*PROMPT*
In the data that follows, find the line with "محافظ صفحه نمایش"; transcribe it, every later line up to the one with "Рузком паштет из", and that line as well, exactly and with no others.

──────── DATA TO EXAMINE ────────

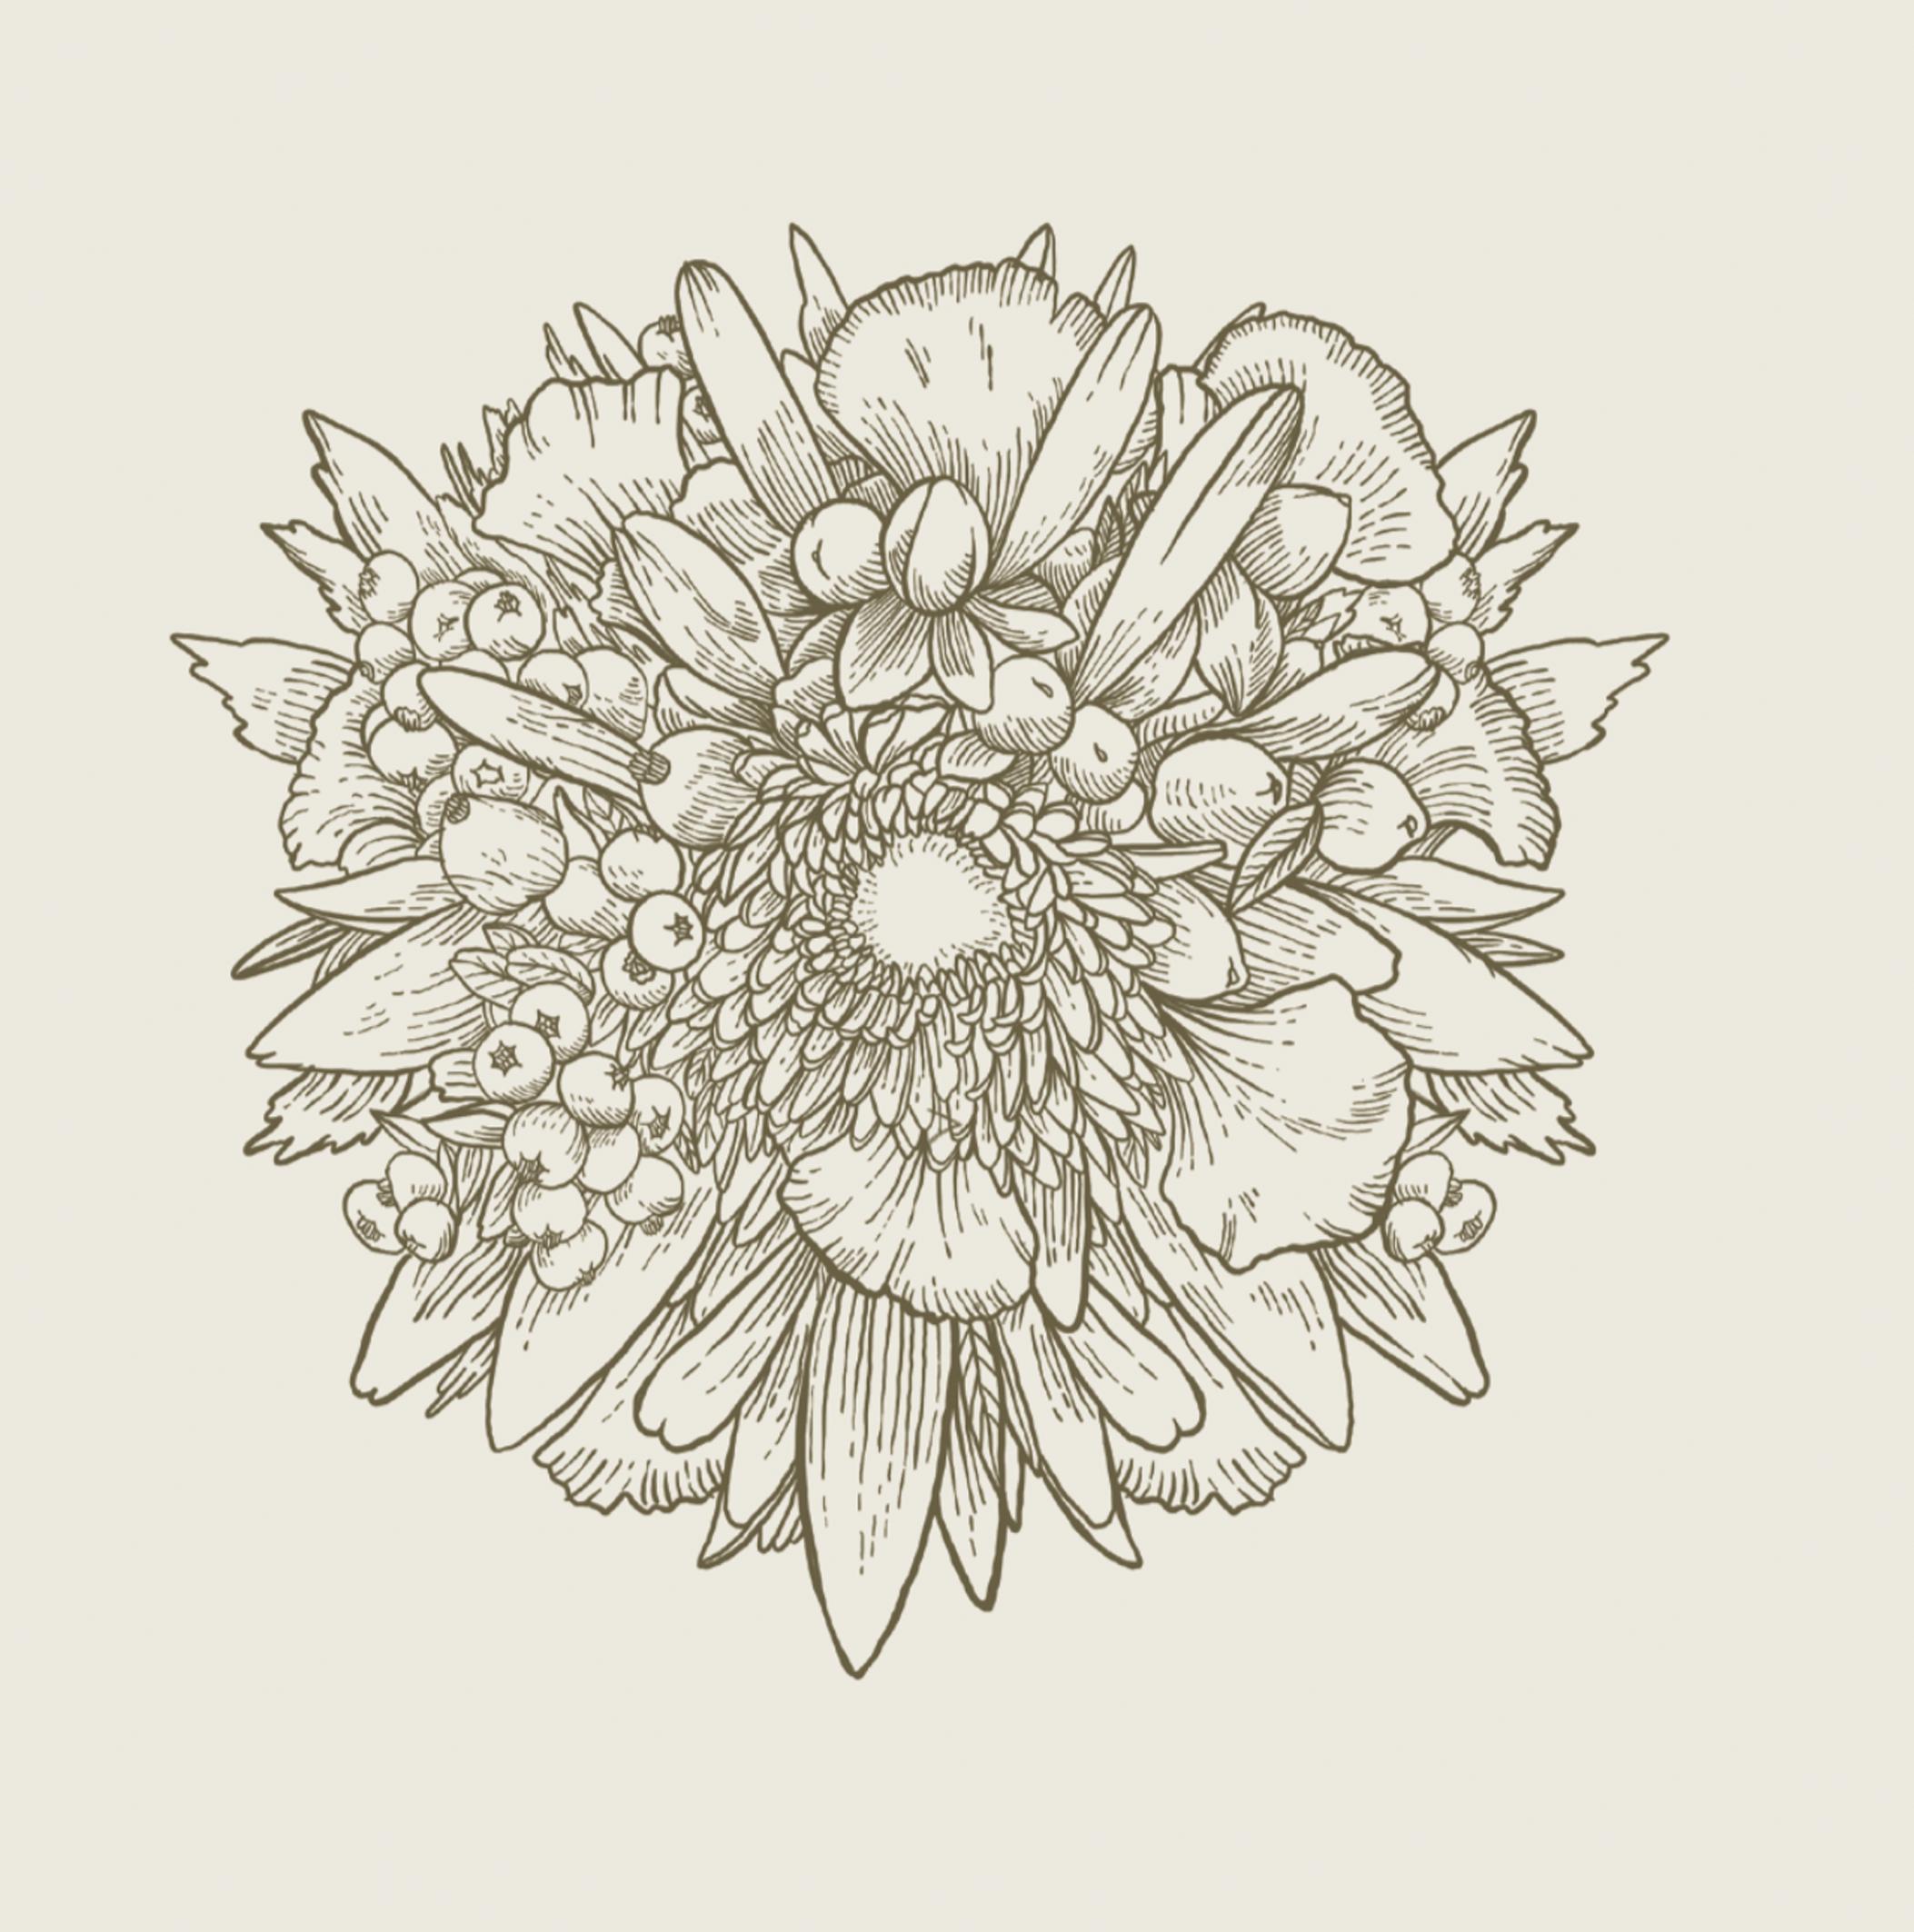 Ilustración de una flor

────────
──────── DATA TO EXAMINE ────────

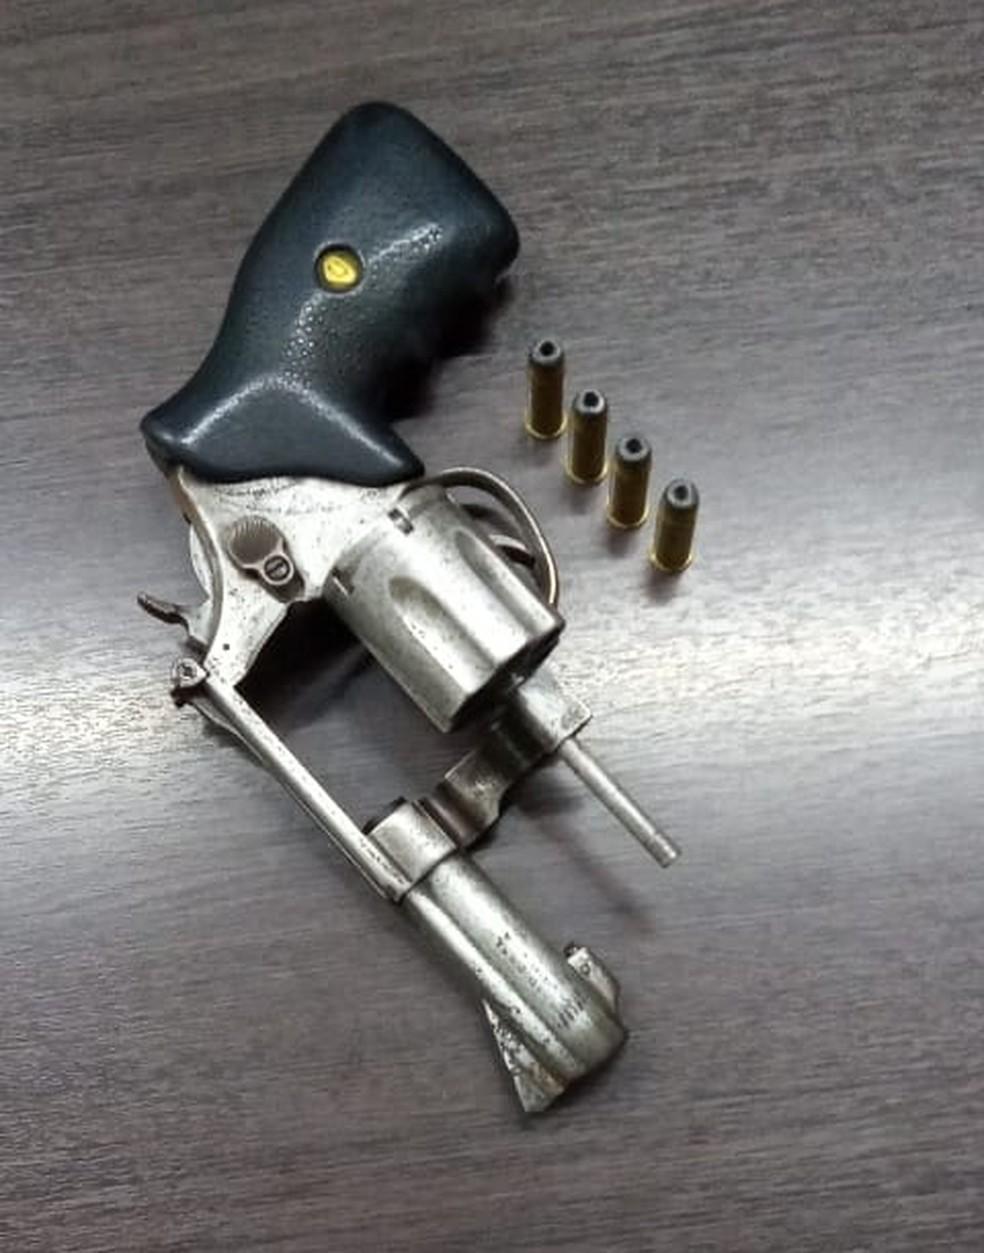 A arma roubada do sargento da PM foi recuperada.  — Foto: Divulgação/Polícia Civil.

────────
──────── DATA TO EXAMINE ────────

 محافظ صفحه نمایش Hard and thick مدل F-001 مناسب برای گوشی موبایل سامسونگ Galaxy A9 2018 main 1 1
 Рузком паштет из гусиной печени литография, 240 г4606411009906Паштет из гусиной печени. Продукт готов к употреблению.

────────

*WRITTEN SOLUTION*
 محافظ صفحه نمایش Hard and thick مدل F-001 مناسب برای گوشی موبایل سامسونگ Galaxy A9 2018 main 1 1
 Рузком паштет из гусиной печени литография, 240 г4606411009906Паштет из гусиной печени. Продукт готов к употреблению.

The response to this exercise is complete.